I'm gonna order a dunce cap.

> 
> Which is a decent argument/segue for my main comment: I would very, very strongly
> prefer to have a single flow for the control logic.  Almost all of the code is
> copy+pasted to the TDP MMU, and there unnecessary and confusing differences between
> the two flows.  E.g. the TDP MMU does unaccount_nx_huge_page() preemptively, while
> the shadow MMU does not.
> 
> The TDP MMU has a few extra "locks" (rcu_read_lock() + tdp_mmu_pages_lock), but
> I don't see any harm in taking those in the shadow MMU flow.  KVM holds a spinlock
> and so RCU practically is meaningless, and tdp_mmu_pages_lock will never be
> contended since it's only ever taken under mmu_lock.
> 
> If we _really_ wanted to bury tdp_mmu_pages_lock in the TDP MMU, it could be
> passed in as an optional paramter.  I'm not super opposed to that, it just looks
> ugly, and I'm not convinced it's worth the effort.  Maybe a middle ground would
> be to provide a helper so that tdp_mmu_pages_lock can stay 64-bit only, but this
> code doesn't need #ifdefs?

How about declaring in tdp_mmu.h and providing different definitions
similar to is_tdp_mmu_page(), i.e. no-op for 32bit and actual lock usage
for 64 bit build?

> 
> Anyways, if the helper is __always_inline, there shouldn't be an indirect call
> to recover_page().  Completely untested, but this is the basic gist.
> 

One more way I can do is to reuse "shared" bool to decide which
nx_recover_page_t to call.
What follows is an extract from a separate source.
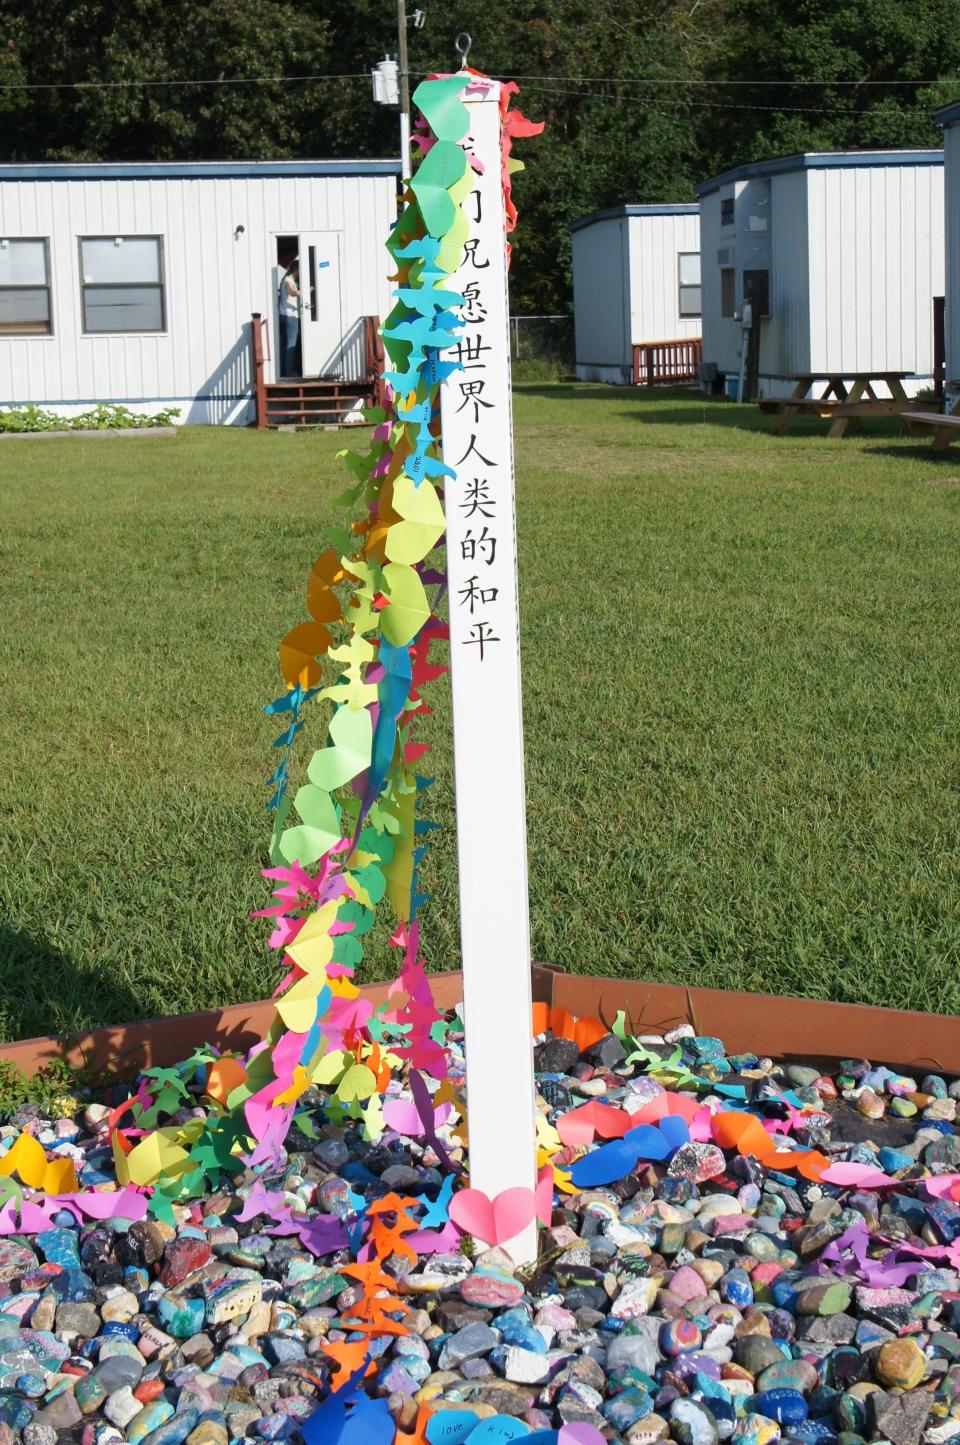 A "Peace Pole" is an iconic item on many Montessori campuses. In the background are some of the "cottages" that serve as school buildings at Coastal Empire Montessori School.

Something like:

static __always_inline void kvm_recover_nx_huge_pages(...)
{
...
    if (!kvm_mmu_sp_dirty_logging_enabled(kvm, sp))
	if (shared)
		flush |= tdp_mmu_zap_possible_nx_huge_page(kvm, sp);
	else
		kvm_mmu_prepare_zap_page(kvm, sp, &invalid_list);

}

tdp_mmu_zap_possible_nx_huge_page() can print WARN_ONCE() and return if
shadow MMU page is passed to it. One downside is now that "shared" bool
and "pages" list are dependent on each other.

This way we don't need to rely on __always_inline to do the right thing
and avoid function pointer call.

I think using bool is more easier to understand its uage compared to
understanding why we used __always_inline. What do you think?

> ---
> typedef bool (*nx_recover_page_t)(struct kvm *kvm, struct kvm_mmu_page *sp,
> 				  struct list_head *invalid_pages);
> 
> static __always_inline void kvm_recover_nx_huge_pages(struct kvm *kvm,
> 						      bool shared,
> 						      spinlock_t *list_lock;
> 						      struct list_head *pages,
> 						      unsigned long nr_pages,
> 						      nx_recover_page_t recover_page)